Обезьяна приходит за своим черепом - Юрий Домбровский
Шрифт:
Интервал:
Закладка:
— Великая восточная война, — повторил он. — Она разрубит все узлы, в том числе и ваш, полковник Гарднер.
— Когда же она начнётся? — спросил Гарднер и провёл кончиком языка по губам.
— Гм, — усмехнулся карлик и посмотрел ему прямо в глаза. — Она начнётся в год, месяц и число, назначенные нашим фюрером. Когда календарно, я не знаю, но сколько бы ни ждали этого приказа, он будет.
— Он будет? — спросил жадно Гарднер.
— Он будет. Логика вещей такова, что до тех пор, пока на востоке существует советский колосс, мир, объявленный нами вне закона, не будет считать себя побеждённым. Море нечистых рас на востоке отрицает нас уже одним фактом своего существования. А когда мы пойдём на восток, обещаю, мы уже не будем смущать вас мелкими придирками. Вот где заработают на полном ходу все формы «Б-214». — Он усмехнулся.
Опять помолчали.
— Тогда я прошу разрешения задать и другой вопрос, — сказал осторожно и вкрадчиво Гарднер. — Это будет длительная война?

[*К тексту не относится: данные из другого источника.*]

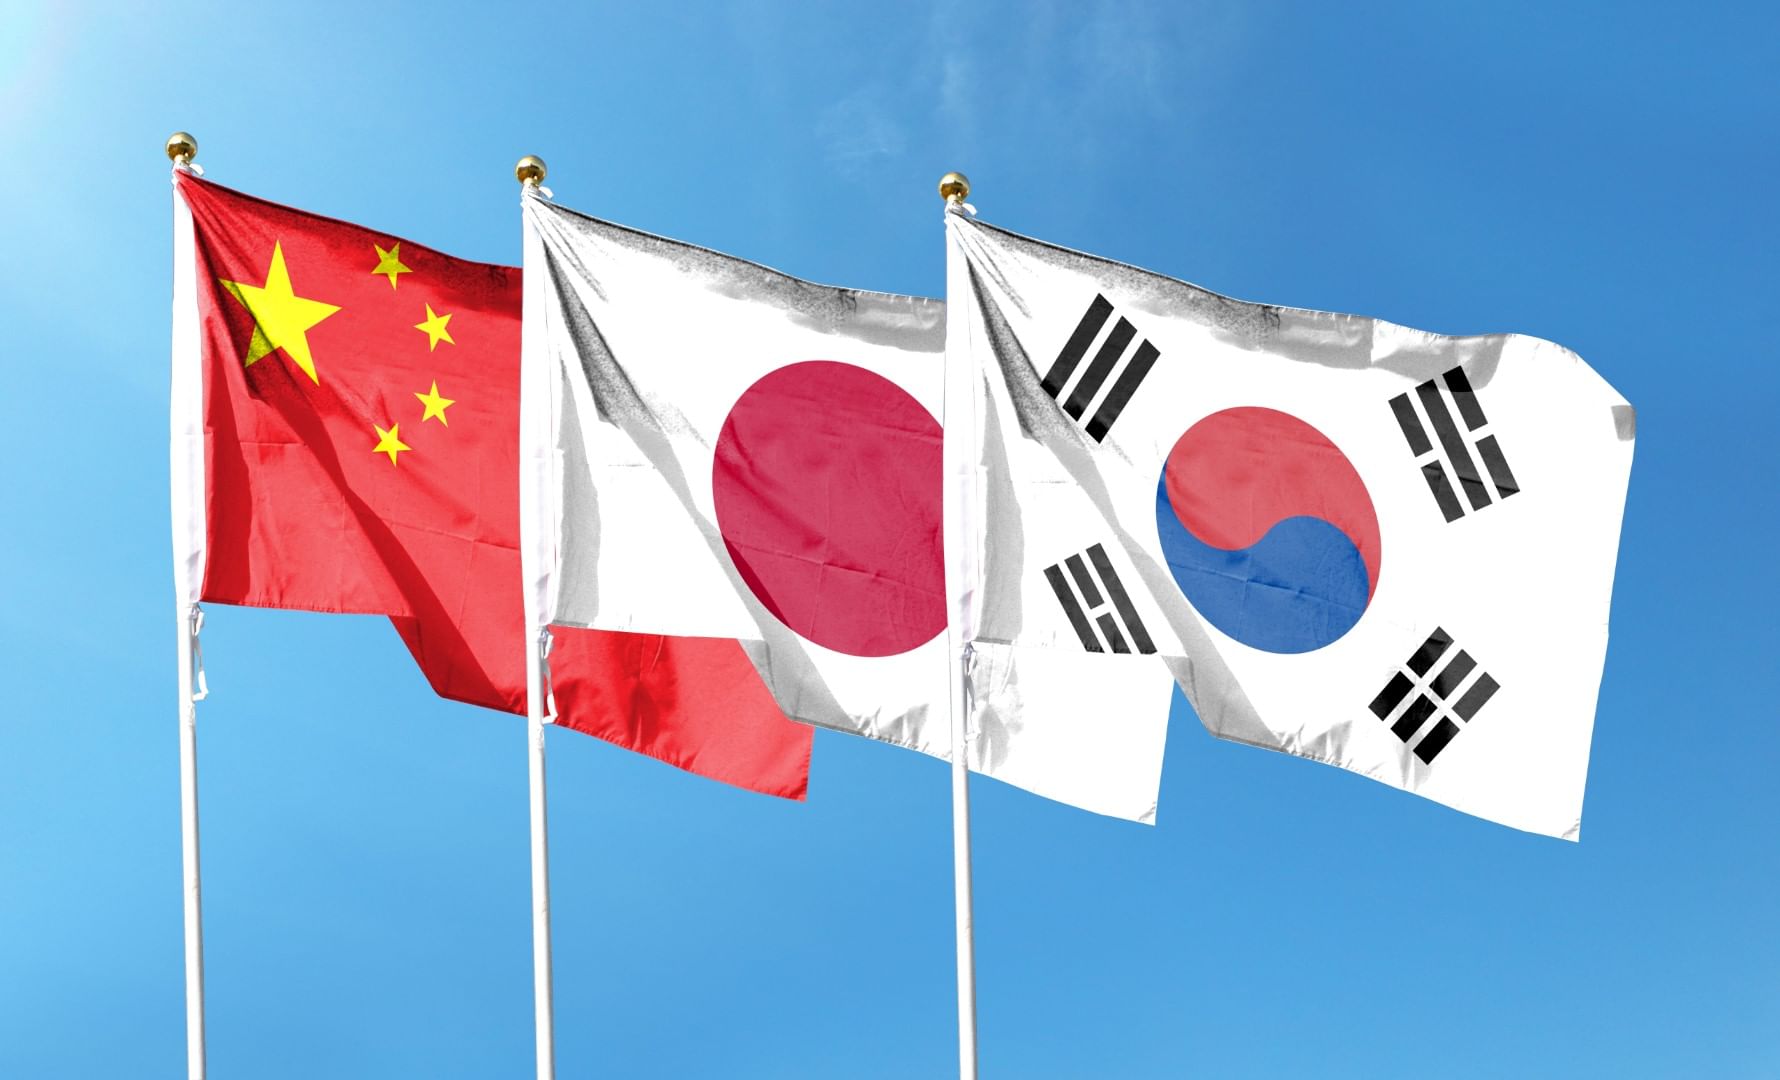 سيول تستضيف أول قمة ثلاثية بين الصين واليابان وكوريا الجنوبية منذ 5 سنوات .
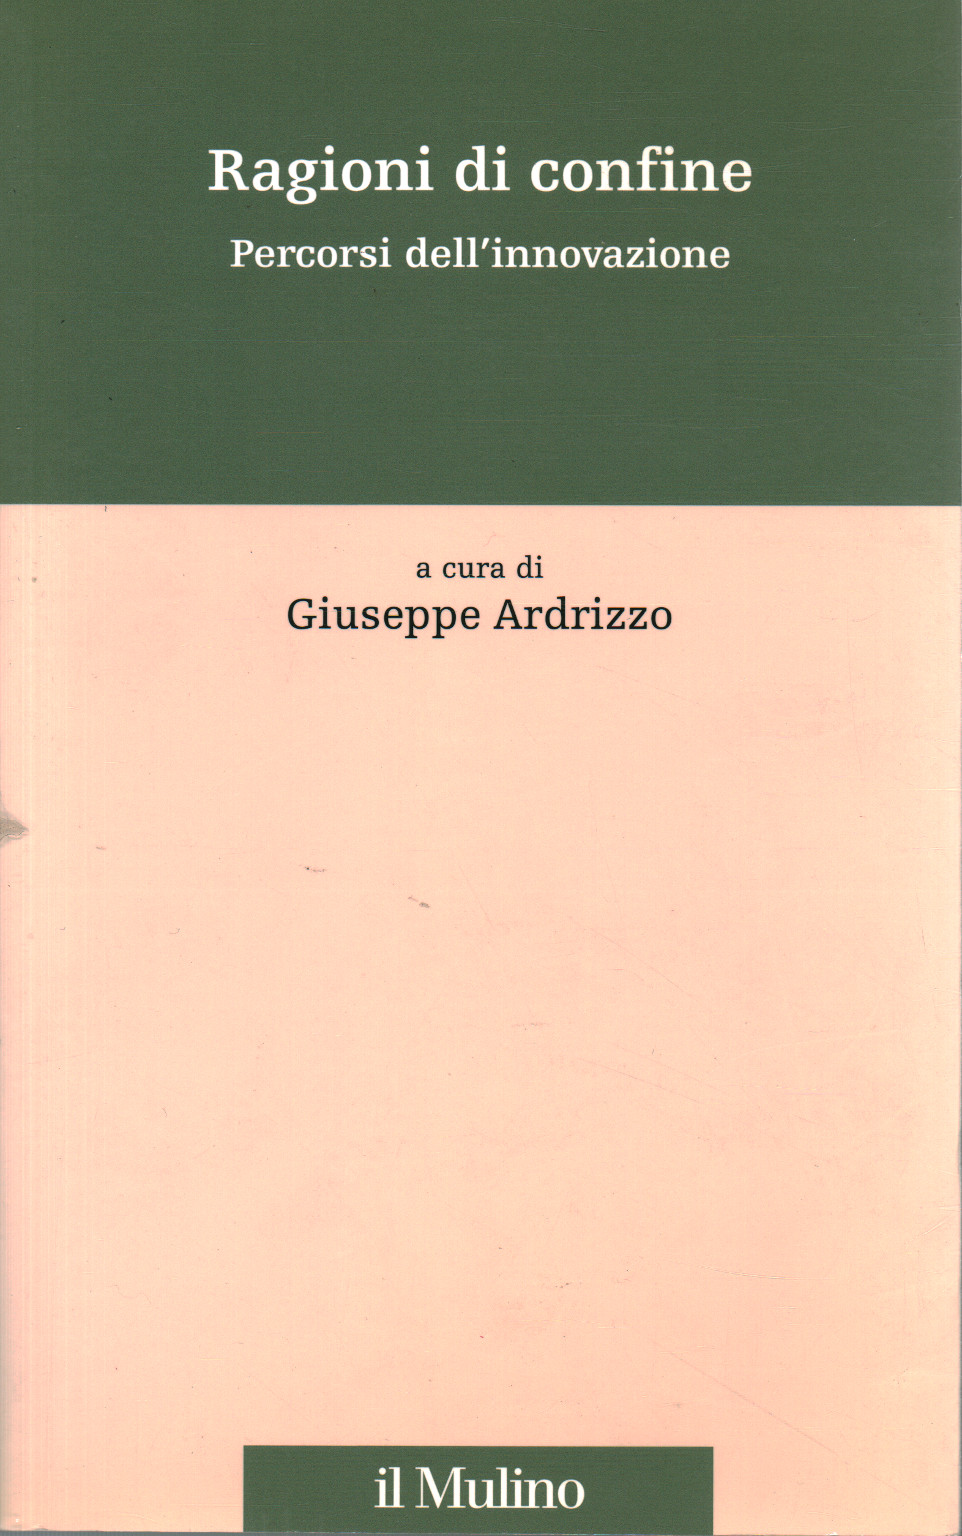 Border reasons, Giuseppe Ardrizzo

Карлик с улыбкой повернулся к Курцеру.
— Вы слышите, что он спрашивает? Разъясните же вы ему, пожалуйста, в какой войне придётся участвовать нашему коллеге.
— Особенно разгуляться вам, господин Гарднер, не придётся, — зло улыбнулся Курцер. — Хотя с теорией о двух-трёх неделях я не согласен, но я не допускаю, чтобы война затянулась на зиму. Глиняный колосс рухнет от германского меча, хотя для этого придётся ему нанести порядочное количество ударов. Да, это будет всё-таки серьёзная война. Россия — страна с твёрдым укладом, с плотно налаженным государственным бытием, с большой, хорошо обученной армией и невыразимо огромным человеческим потенциалом.
Карлик нахмурился.
— С вашего позволения, и я принадлежу к партии двух-трёх недель, сказал он. — Если война будет затянута на зиму, конец её вообще неясен. Долгую войну с двухсотмиллионным населением мы не выдержим. Но долгой она не будет. Наше спасение в том, что многорасовое государство не может быть прочным. Нечистый всегда ненавидит чистого. При первых же наших победах это огромное одеяло из разноцветных кусочков распадётся на лоскутки. Начнётся резня, сведение расовых счетов, которые накопились за двадцать пять лет, и в конце концов все перегрызутся так, что ещё и нам будут рады. Вот тогда нам и потребуется ваша рука, коллега Гарднер. Мы строго-настрого запретим кому-либо мешать вам в исполнении вашего солдатского долга. Мы вам поручим очищение и расовое освоение всего этого почти космического пространства в двадцать два миллиона квадратных километров, а сейчас, уж ничего не поделаешь, надо вам несколько потесниться. Вы вот часто любите повторять: «Я солдат». Да, вы солдат, это хорошо, но здесь нужно быть не только солдатом, здесь нужно быть немного и учёным, и политиком, и даже дипломатом. А вот этих-то качеств у вас и нет. Хорошо, что мы заговорили обо всём этом. Коллега Курцер, я вас прошу лично заняться делом Войцика. Я знаю, вы мастер на интеллектуальные разговоры. Так вот, поговорите с Войциком отдельно, а полковник Гарднер уже не будет вам мешать. Не правда ли?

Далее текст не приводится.